Over millions of years, the Earth built up a truly astonishing number of living species. For most of human history, we have been able to make use of this biodiversity and even add to it. Since the industrial age however, we have waged a war against diversity, endangering many of the Earth’s crops, fruits, vegetables, animals, fish and wild plants and, in some cases, even driving them to extinction. In the last century this process has accelerated, threatening entire ecosystems and our planet’s biosphere. And the leading culprit for this acceleration, according to many experts, is the modern food system.

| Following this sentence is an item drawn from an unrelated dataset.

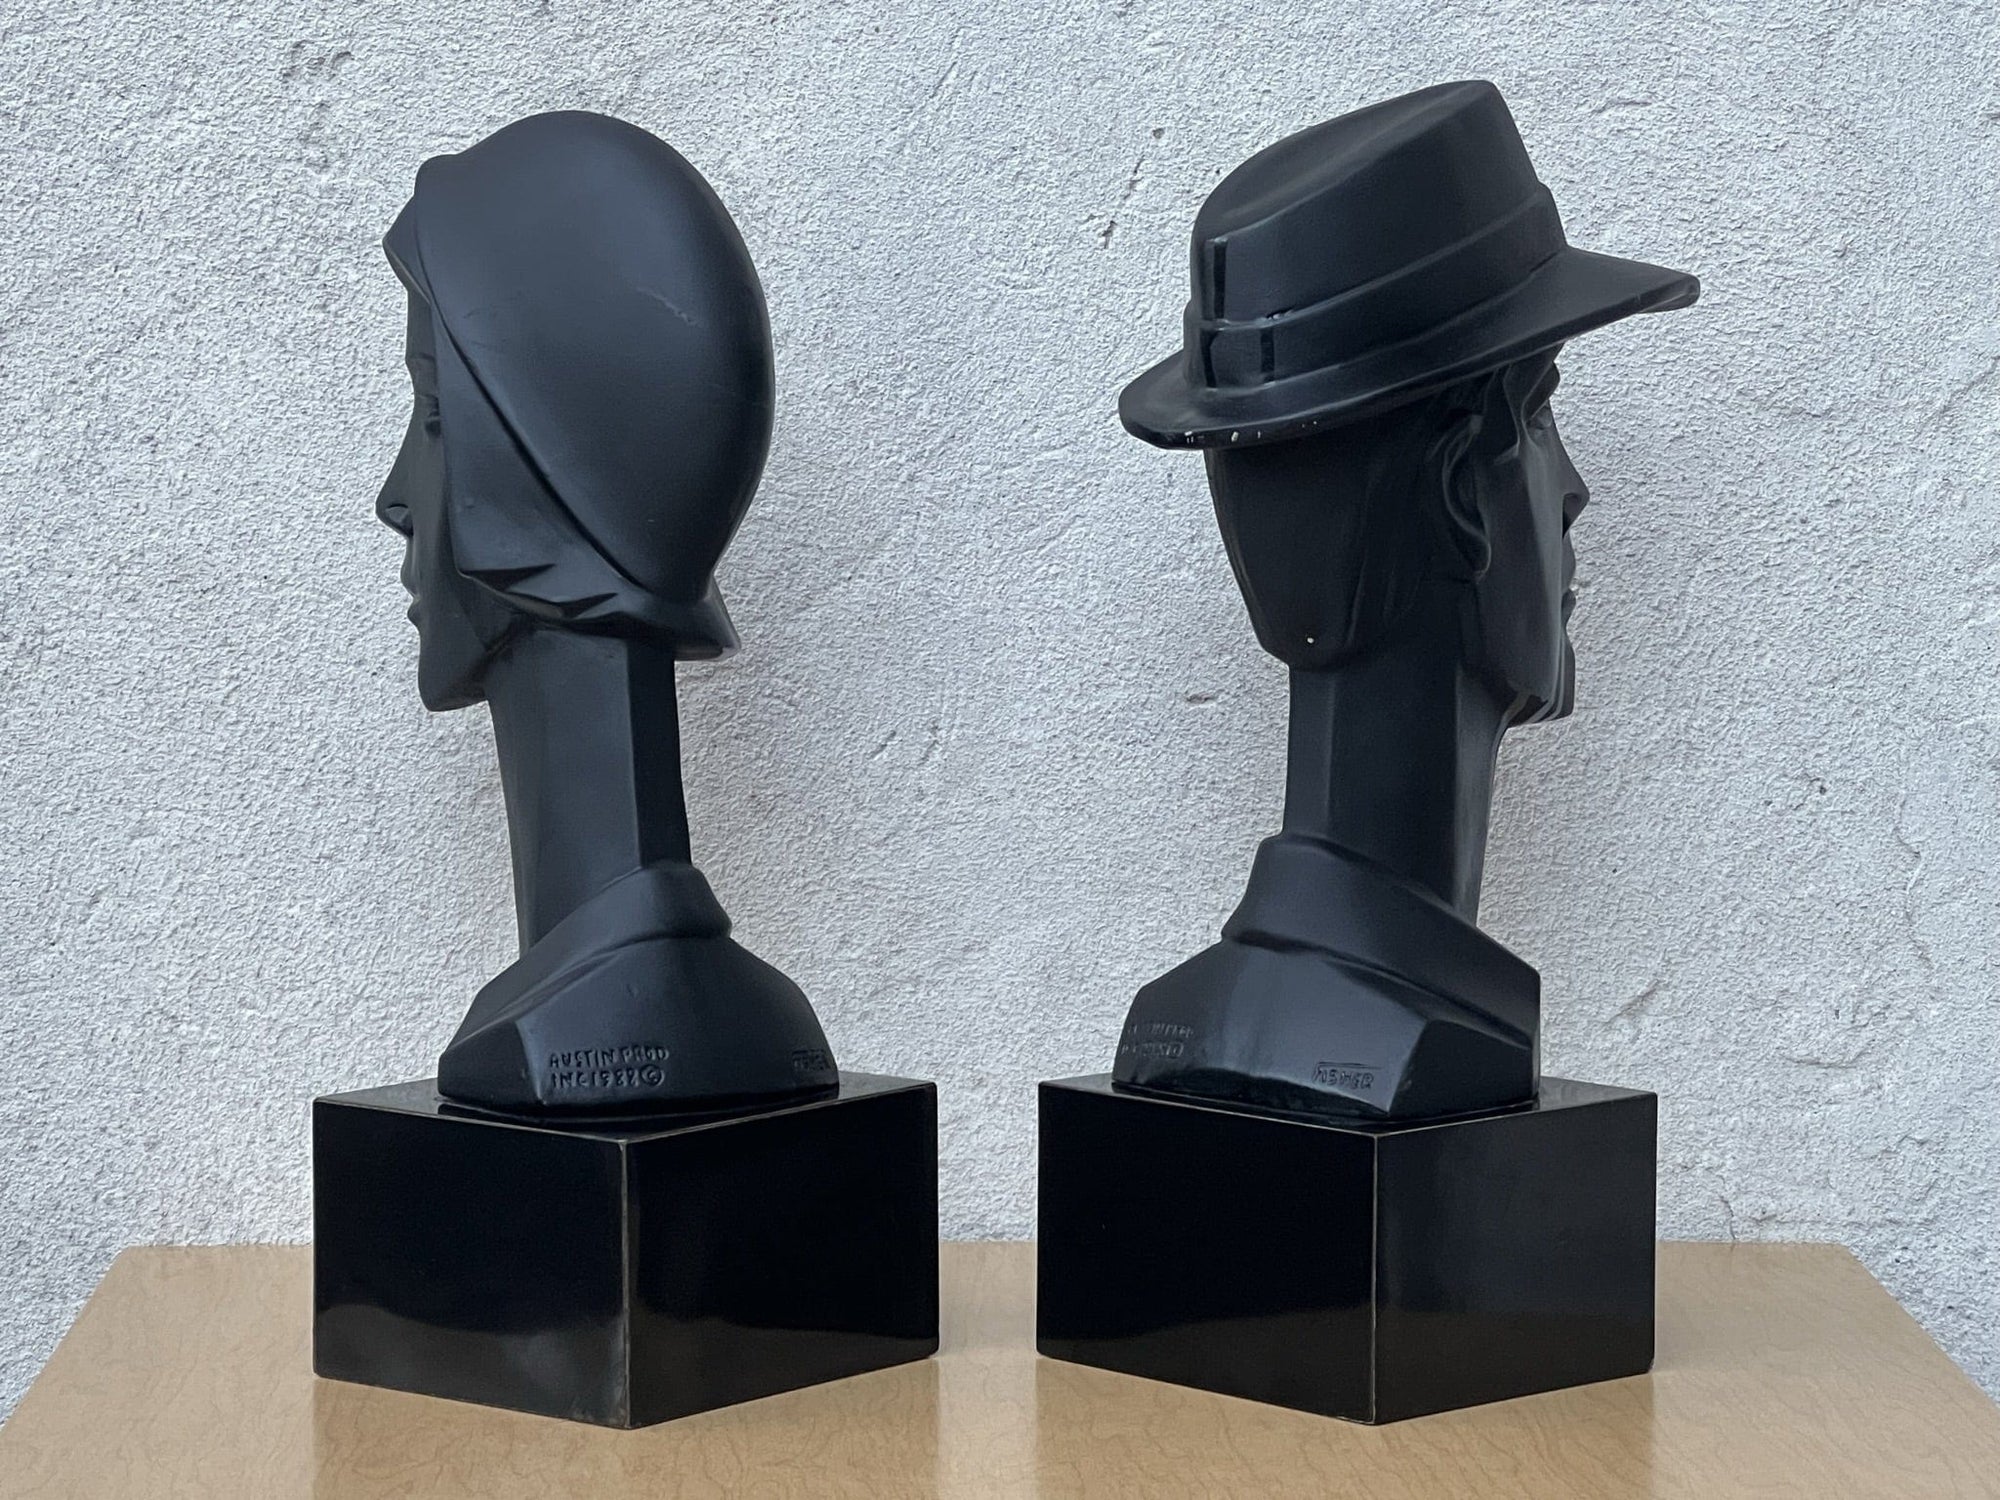 I Like Mike's Mid Century Modern Wall Decor & Art Neo Deco Pair Black Ceramic Man & Woman by David Fisher for Austin Productions, 1988

From the way we have transformed landscapes, to how we have plundered natural resources, to what we have chosen to eat, the process by which we produce, distribute, and consume food has become a destructive force.
Through innovation and scientific know-how, we have succeeded in feeding more people more cheaply, but in a way that relies on just a few high-yielding crop varieties and animal breeds while requiring huge amounts of energy. In our desire to create more food, we have covered the planet with a blanket of homogeneity.
As we head into a more turbulent and uncertain future, scientists, governments and the food industry are waking up to the realisation that we all depend on biodiversity – it provides the foundations for food security, for human health and for the health of our planet. With creativity and imagination, we can develop ideas that will transform our food system, repair at least some of the damage we have inflicted, and safeguard the diversity that remains, but we need to act now.
A date that should go down in history as one of the big wake-up calls on the biodiversity crisis is September 23, 2019. On this day, the United Nations held a Climate Action Summit at its headquarters in New York. Government leaders, corporate CEOs and scientists gathered together to try to find solutions to an emergency. “In the face of worsening climate crisis, practical action needs to shift into a higher gear”, the UN’s Secretary-General António Guterres said at the event’s opening. “This is not a climate talk summit. We have had enough talk; this is not a climate negotiation summit. You don’t negotiate with nature. This is a climate action summit.” The preceding four years had been the four hottest on record, he explained, “and we are starting to see the life-threatening impact of climate change on health… and risks to food security.”
Later that day, summit attendees heard another speech – less reported in the press but equally powerful – that addressed not climate but biodiversity. The speech was remarkable not so much because of its message (warnings about the loss of biodiversity had been issued for many years before), but because of its messenger: it came from some of the major corporations that make up the global food industry.